Figure 6: (a) Deformation failure processes; (b) stiffness degradation of two specimens provided by reference [38]; (c) deformation failure processes of two specimens provided by reference [38].

In order to investigate the effects of flexible connection on in-plane behaviors of infilled RC frame, a quasistatic experiment was performed by Zhou et al. [11]. Figure 7(a) shows the stiffness degradation of three specimens, one specimen is a rare frame, one is an infilled RC frame with rigid connection, and another one is an infilled RC frame with flexible connection; Figure 7(b) shows the deformation failure processes of above-mentioned specimens; Figure 8 shows the failure modes of above-mentioned specimens; and the following conclusions can be obtained. Firstly, the initial lateral stiffness of infilled RC frame with rigid connection is about 4.28 times that of bare frame, and the initial lateral stiffness of specimen with flexible connection is about 1.96 times that of bare frame. During the experimental process, the stiffness degradation processes of specimens with rigid connection and flexible connection are all faster than that of bare frame, but flexible connection can retard the stiffness degradation of frame structure. Secondly, for the specimen with rigid connection, the yield displacement and yield load are about 6.84 mm and 373.88 KN, respectively; for the specimen with flexible connection, the yield displacement and yield load are about 7.08 mm and 251.0 KN, respectively; and for the rare frame, the yield displacement and yield load are about 9.59 mm and 166.3 KN, respectively. Thirdly, the horizontal bearing capacity of specimen with rigid connection is 421.1 KN, about 1.48 times than that of bare frame (284.5 KN), and the horizontal bearing capacity of specimen with flexible connection is 331.2 KN, about 1.16 times that of the bare frame. According to the above analysis, although the effects of flexible connection on lateral stiffness and bearing capacity of frame structure are inferior to that of rigid connection, it can reduce the unfavorable interaction between infill wall and surrounding frame, retard the stiffness degradation, and effectively improve the seismic performance of frame structure.

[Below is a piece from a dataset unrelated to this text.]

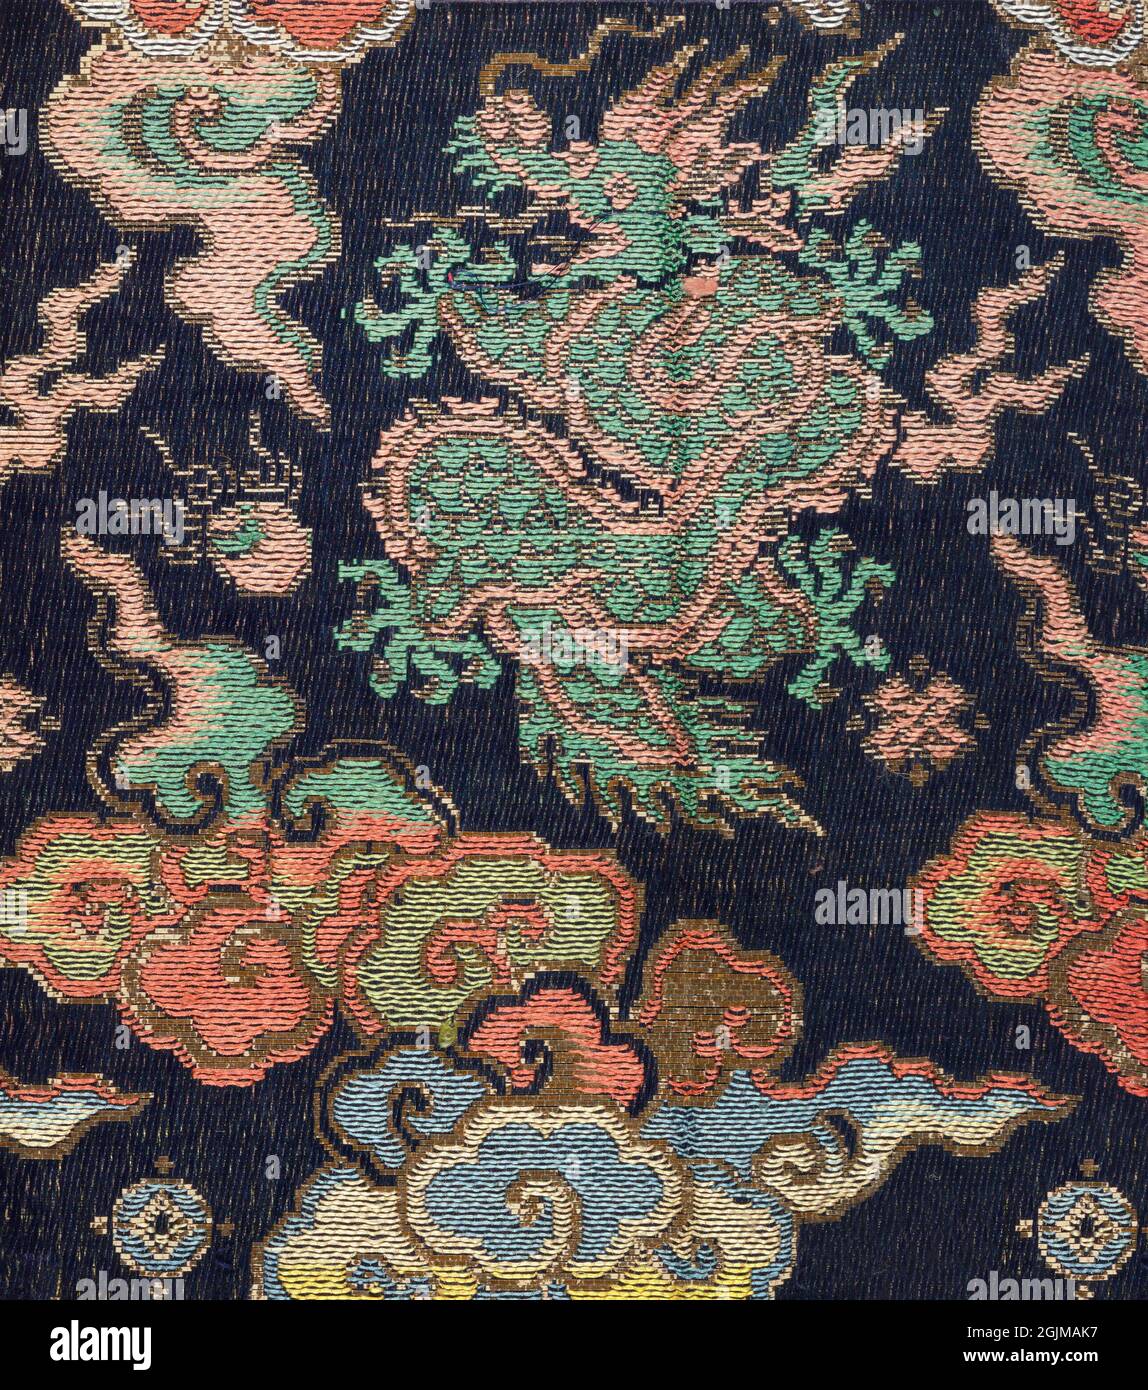 Brocaded Japanese textile depicting dragon and clouds, executed in sik and metallic threads on an indigo ground. Japan Stock Photo

Figure 7: (a) Stiffness degradation of two specimens provided by reference [11]; (b) deformation failure processes of three specimens provided by reference [11].
Figure 8: Final failure modes of three specimens provided by reference [11]: (a) bare frame; (b) infilled RC frame with rigid connection; (c) infilled RC frame with flexible connection.

3. Improved Equivalent Diagonal Strut Model

According to Section 2, there exist significant differences in effects of connection on in-plane behaviors of infilled RC frame. On this basis, based on discussing the action pattern of flexible connection, an improved equivalent diagonal strut model for simulating the in-plane behavior of infilled RC frame with flexible connection was proposed in this section.

3.1. Action Pattern of Flexible Connection

The infilled RC frame with flexible connection is one kind of new structure types, so there are great differences between the action pattern of flexible connection and that of rigid connection. Generally speaking, the action pattern of rigid connection can be characterized by contact model, as shown in Figure 9(a). Specifically, in normal direction, if contact pressure is less than or equal to 0, two contact surfaces will separate from each other, and if contact pressure is greater than 0, load will transfer between infill wall and surrounding frame. For flexible connection, the preset crack between infill wall and surrounding frame is filled with vibration-absorptive materials, so its action pattern is much more complicated than that of rigid connection. Based on deeply studying the properties of vibration-absorptive materials [39, 40], the compression behavior of filling material can be characterized by the Kelvin model [41, 42] and the tensile behavior of filling material can be characterized by failure element model [42], as shown in Figure 9(b). Therefore, if the microfinite element analysis approach is adopted, the behavior of flexible connection can be accurately simulated. For macrofinite element analysis approach, some simplifications must be adopted.

Figure 9: Action patterns of flexible connection and rigid connection.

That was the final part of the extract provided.